### Data shown

Start of Block

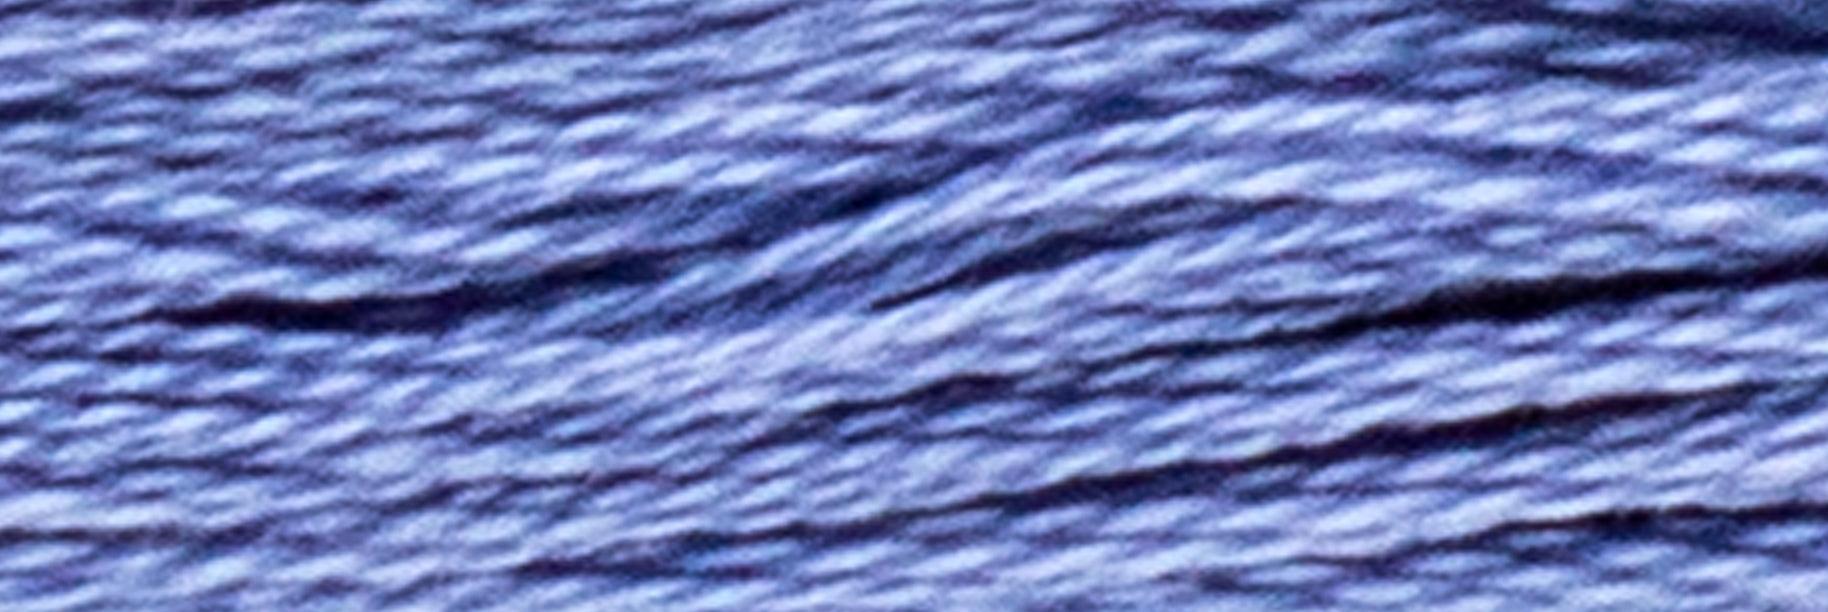 Stranded Cotton Luca-S - 139 / DMC 793 / Anchor 939 - Luca-S Stranded Cotton
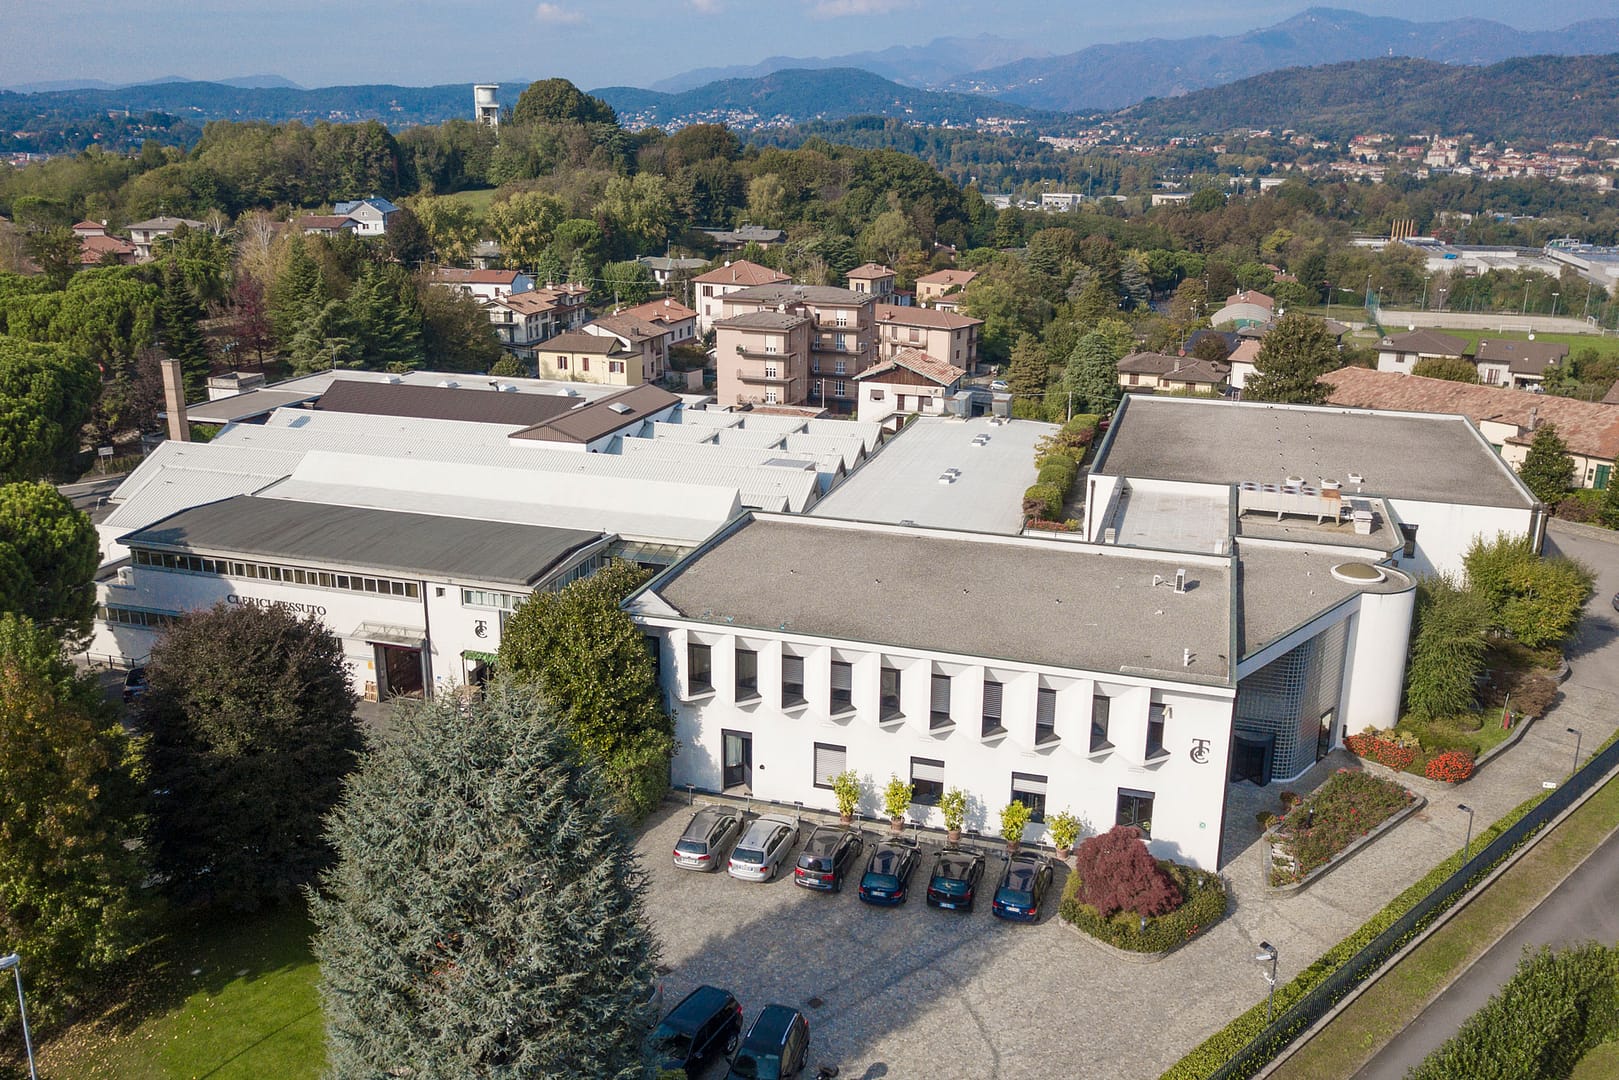 Clerici Tessuto headquarters in Grandate (Como)
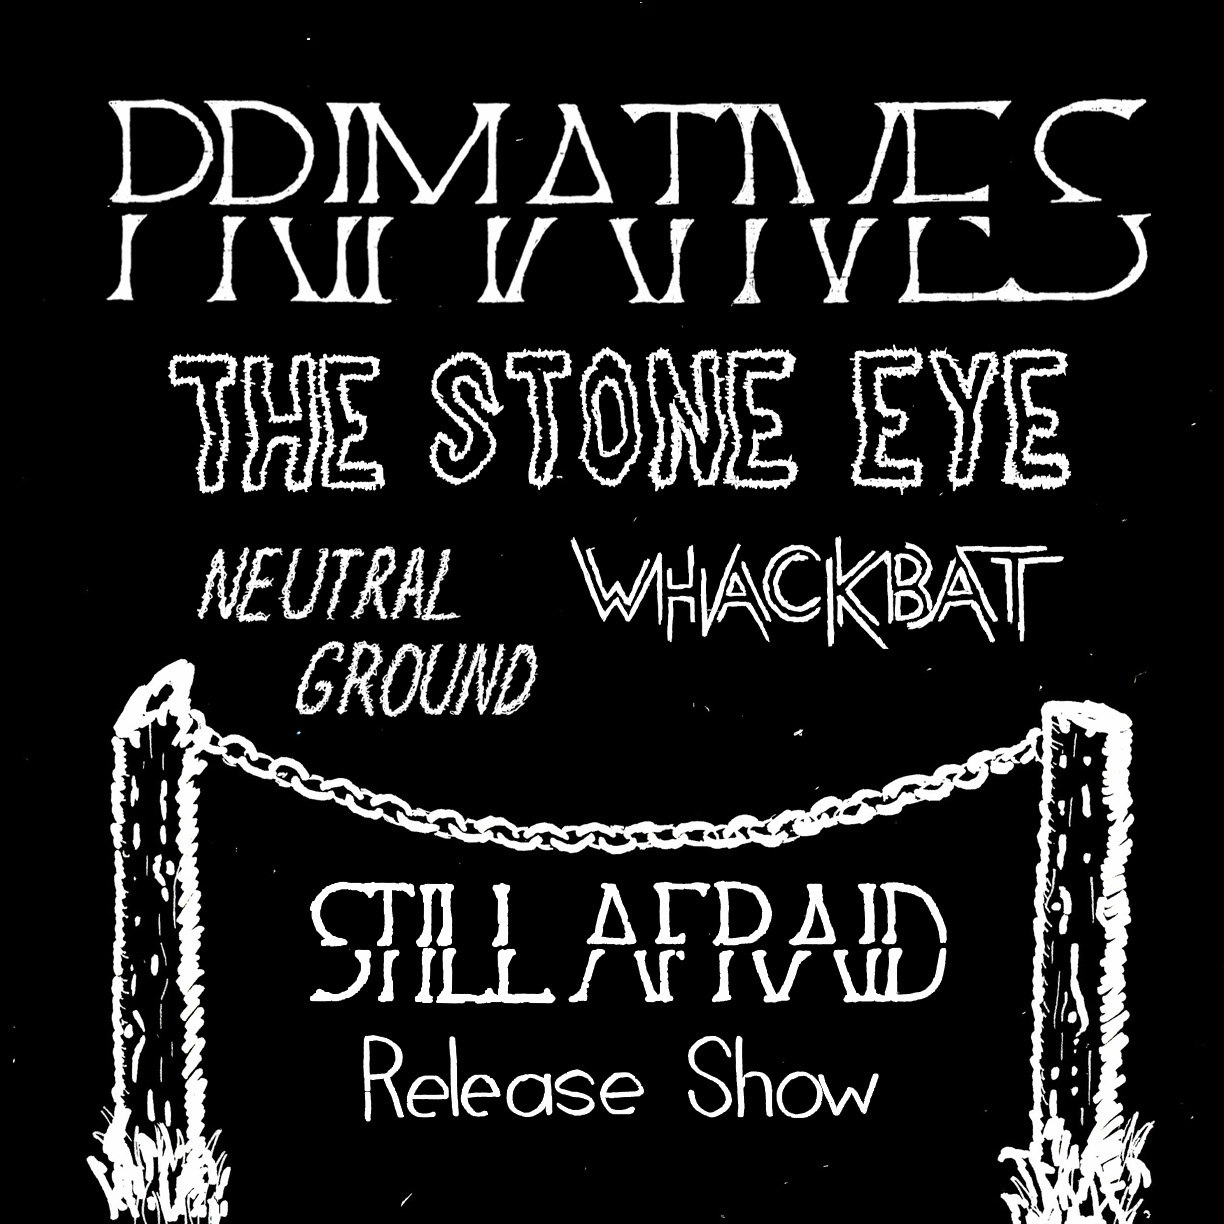 Primatives / The Stone Eye / Neutral Ground / Whackbat

End of Block

### Try it
Restate word for word only the lines from the one with "Clerici Tessuto headquarters" through the last line of the material, both included. Any picture should be left out.

### Written response
 Clerici Tessuto headquarters in Grandate (Como)
 Primatives / The Stone Eye / Neutral Ground / Whackbat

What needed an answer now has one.